La Chine a bien compris l’importance des coopérations diplomatiques bilatérales et multilatérales sous l’égide du Conseil de l’Arctique. Il en est de même pour les Etats-Unis. Washington, face à la multiplication des acteurs et des challenges de toutes natures, a ouvert sa première représentation diplomatique au-dessus du cercle polaire. Celle-ci a vocation à promouvoir une région pacifique et prospère reposant sur un travail inter allié centré sur le changement climatique et les populations autochtones.

Ces deux points incarnent également les objectifs de la présidence norvégienne du Conseil de l’Arctique, successeur de la Russie depuis le 11 mai 2023. Ils se traduisent par quatre thèmes prioritaires liés à une volonté de réduction des émissions de carbone noir pour 2025 :

  • Les océans
  • Le climat et l’environnement
  • Le développement économique durable
  • Et les populations du Nord.

 

Néanmoins, ces intentions sont mises à mal par le déclenchement de la guerre en Ukraine malgré la promotion d’une stabilité et d’une coopération constructive au sein du Conseil.

Un réchauffement glacial

Acteur déterminant, la Russie possède près de la moitié du territoire polaire et près de 24 000 kilomètres de côtés ainsi que divers intérêts notamment économiques et maritimes. De plus, cette zone apparait essentielle sur le plan militaire russe. Elle abrite la part la plus importante de son arsenal nucléaire. Déclarée comme mission prioritaire en 2014 dans le cadre d’un plan de remilitarisation massif, il s’agit également d’une porte d’entrée vers l’Atlantique et le pacifique permettant au pays de se désenclaver.
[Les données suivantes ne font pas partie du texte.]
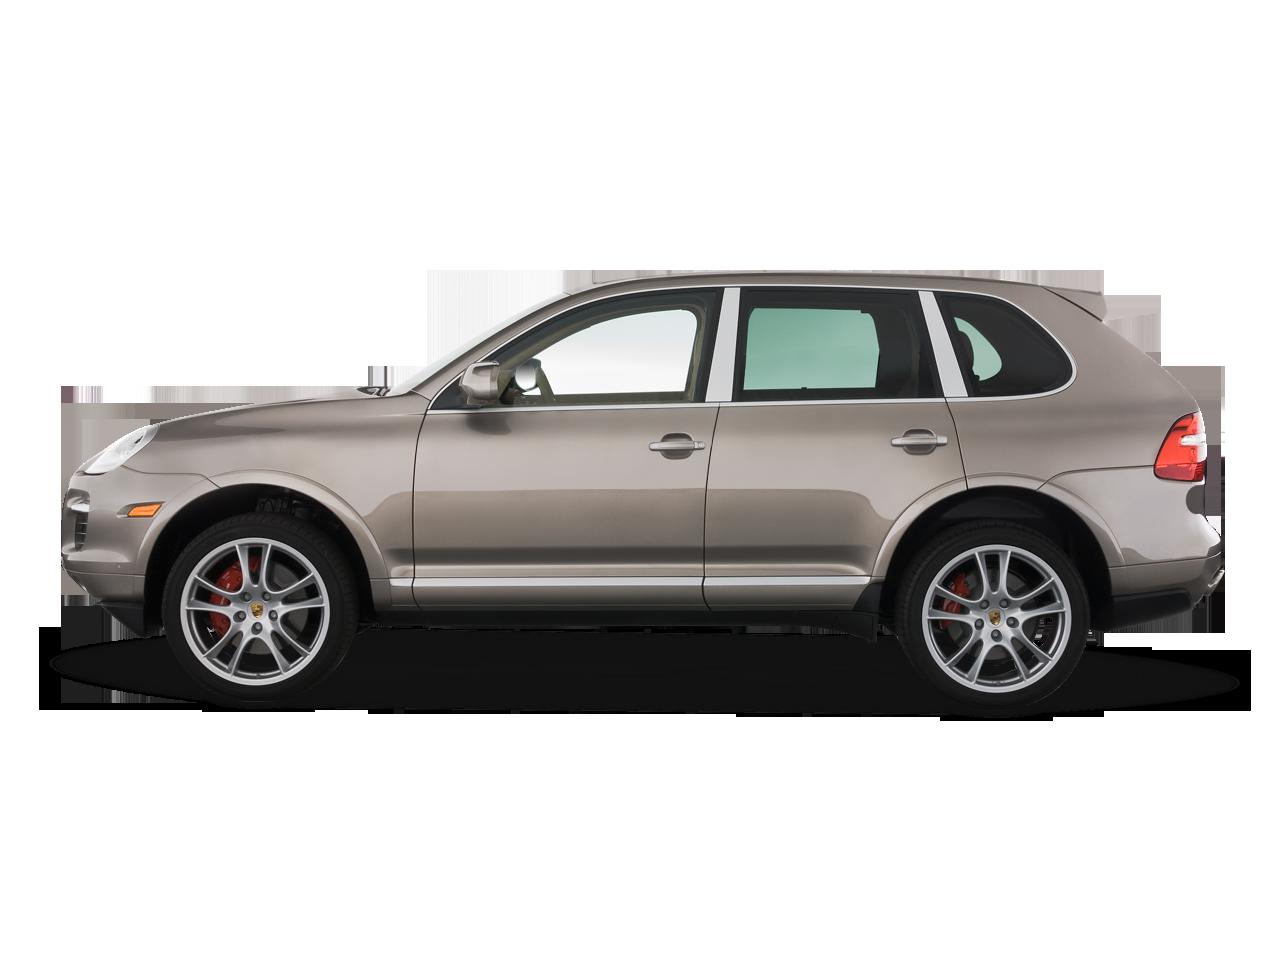 2009 Porsche Cayenne Turbo S Porsche Luxury Crossover

Si l’annexion de la Crimée en 2014 avait engendré des sanctions occidentales, l’équilibre polaire s’était maintenu avec un renforcement des relations sino-russes. En effet, depuis des décennies, l’Arctique était une zone de coopération pacifique où les intérêts régionaux prévalaient sur les tensions extérieures. Cependant, le déclenchement de la guerre en Ukraine, le 24 février 2022, est venu remettre en cause ce principe « d’exception arctique ».

En effet, les réunions officielles du conseil de l’Arctique ont été suspendues suite à la condamnation de l’invasion de l’Ukraine par les autres Etats membres. Le Kremlin a donc été mis au ban de l’instance coopérative avec une reprise des activités n’impliquant pas la Fédération de Russie. La candidature finlandaise à l’OTAN ayant été acceptée, plane sur le Conseil un risque de militarisation de celui-ci quand bien même il est incompétent pour traiter des sujets liés à la « sécurité militaire ». Néanmoins, sans la Russie, la coopération en Arctique perd de son sens, d’autant plus que la prise de décision du Conseil nécessite l’unanimité. Celui-ci se trouve donc paralysé.

Enfin, si le cercle polaire se trouve géographiquement au sommet du globe, il apparait central dans les affaires mondiales présentes et futures.